__DIRECTIONS__
Lines from the line with "yeezy boost 350 v2 double white" to the line with "Lemons, simple syrup, mint, gin" in the entries below, and only those, must be output exactly, with both ends included.

__SUPPLIED RECORDS__
+++
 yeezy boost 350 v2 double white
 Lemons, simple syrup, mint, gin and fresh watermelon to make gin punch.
+++
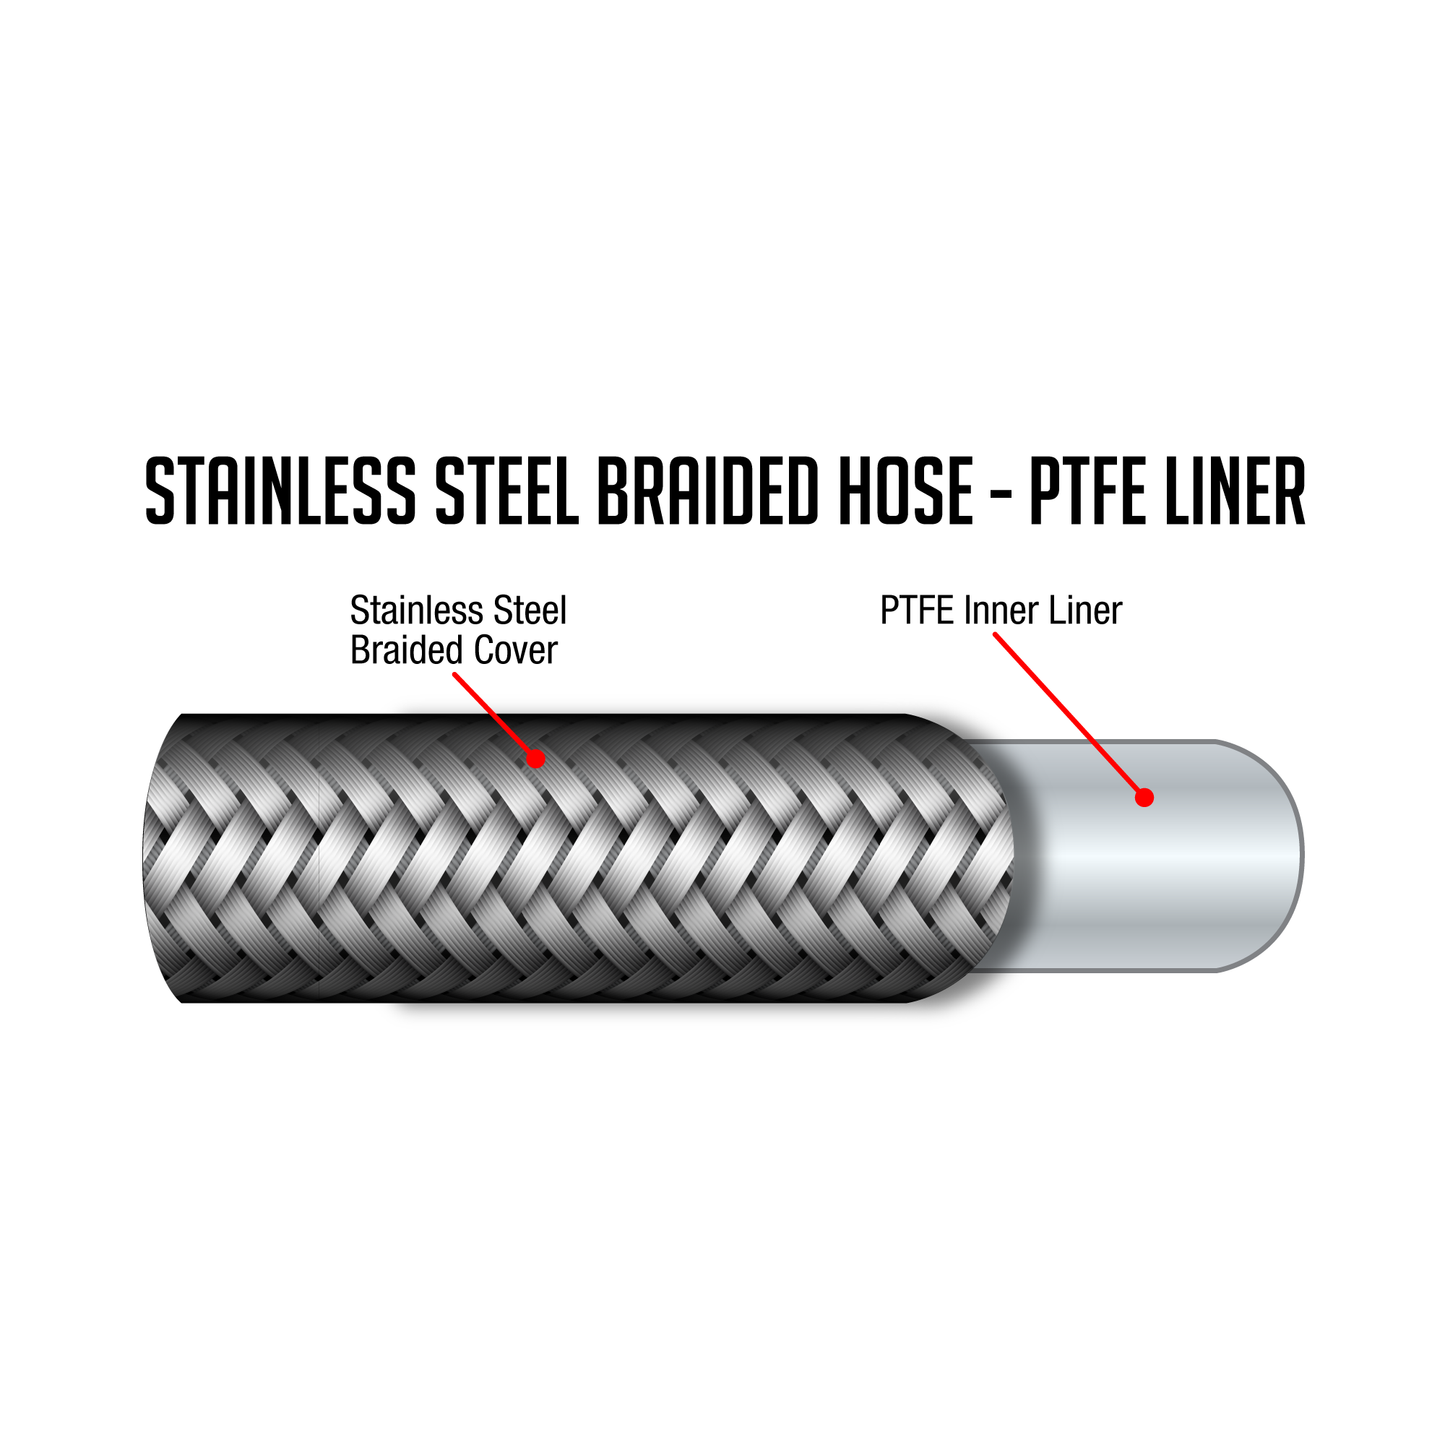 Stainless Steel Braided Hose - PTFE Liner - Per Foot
+++
__TASK OUTPUT__
 yeezy boost 350 v2 double white
 Lemons, simple syrup, mint, gin and fresh watermelon to make gin punch.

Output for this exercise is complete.